According to an online dictionary, regeneration is the action or process of regenerating or being regenerated. Now, I know that using the same root word in the definition doesn’t tease out much understanding. The good thing about online definition finding is that I noticed on the side of the same page the biologic concept of ‘regeneration’ that was quite generative.
According to Wikipedia, in biology, regeneration is the process of renewal, restoration, and growth that make genomes, cells, organisms, and ecosystems resilient to natural fluctuations or events that cause disturbance or damage. Every species is capable of regeneration, from bacteria to humans.
The process of renewal, restoration and growth already sounds like a spiritual journey. The purpose of this regenerative process, to make us resilient to the natural fluctuations or events that cause disturbance or damage, sounds like the grace of God.
This past summer, right after we moved, I reread an old blog of mine where I gave myself some good advice: to see my life through the lens of grace rather than fear and anxiousness. I know this does not change what is, but affords me another way to situate the circumstances of my life.

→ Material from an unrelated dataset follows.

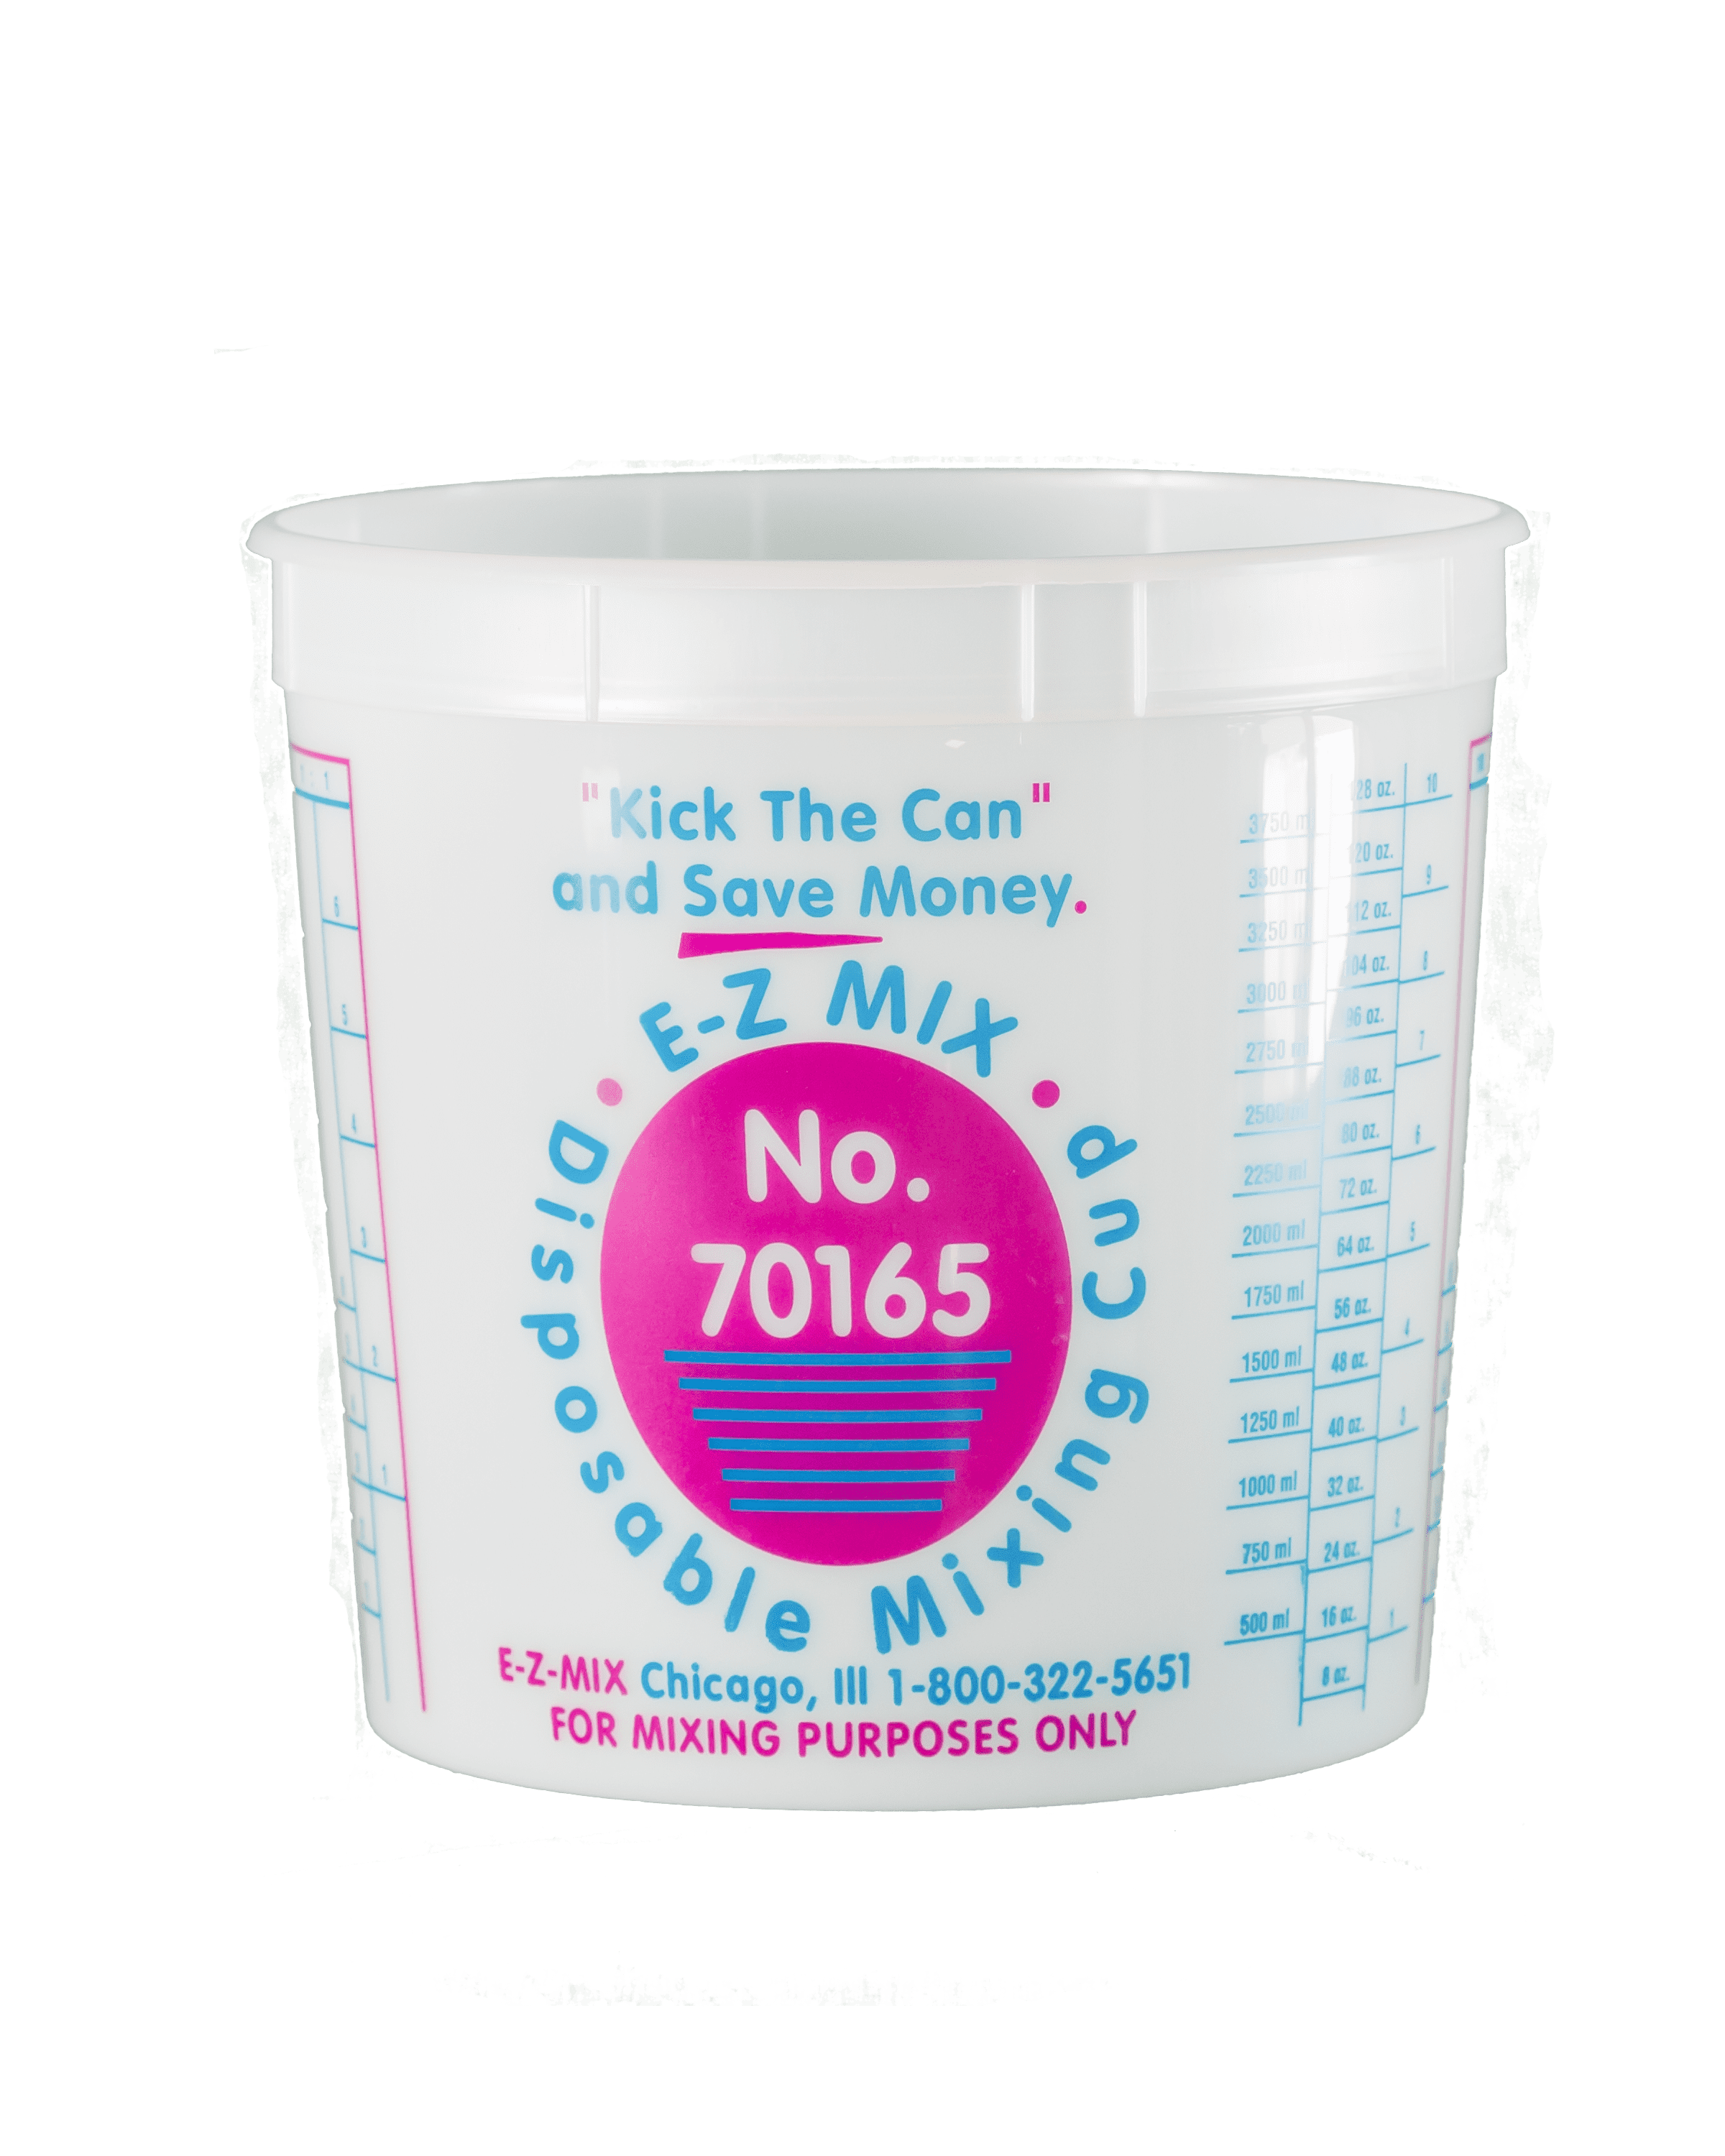 5354 And 05354 Quart Mixing Cup

So, I particularly took notice when Anne Lamott wrote in Operating Instructions, that, that’s what grace is—the divine assistance for regeneration.
I will conflate biology and Anne’s definition of grace: God is guiding, directing, creating and a participant in the process of renewal, restoration, and growth so that I become resilient. Being resilient means I am able to face whatever is, in surrender, which seems the opposite of strength but, in the great paradox of faithfulness, is strength.
What does it mean to see my life through the lens of grace?
I am grateful that each circumstance, each experience, each moment is one where some part of me is growing, being restored, and renewed. Grace.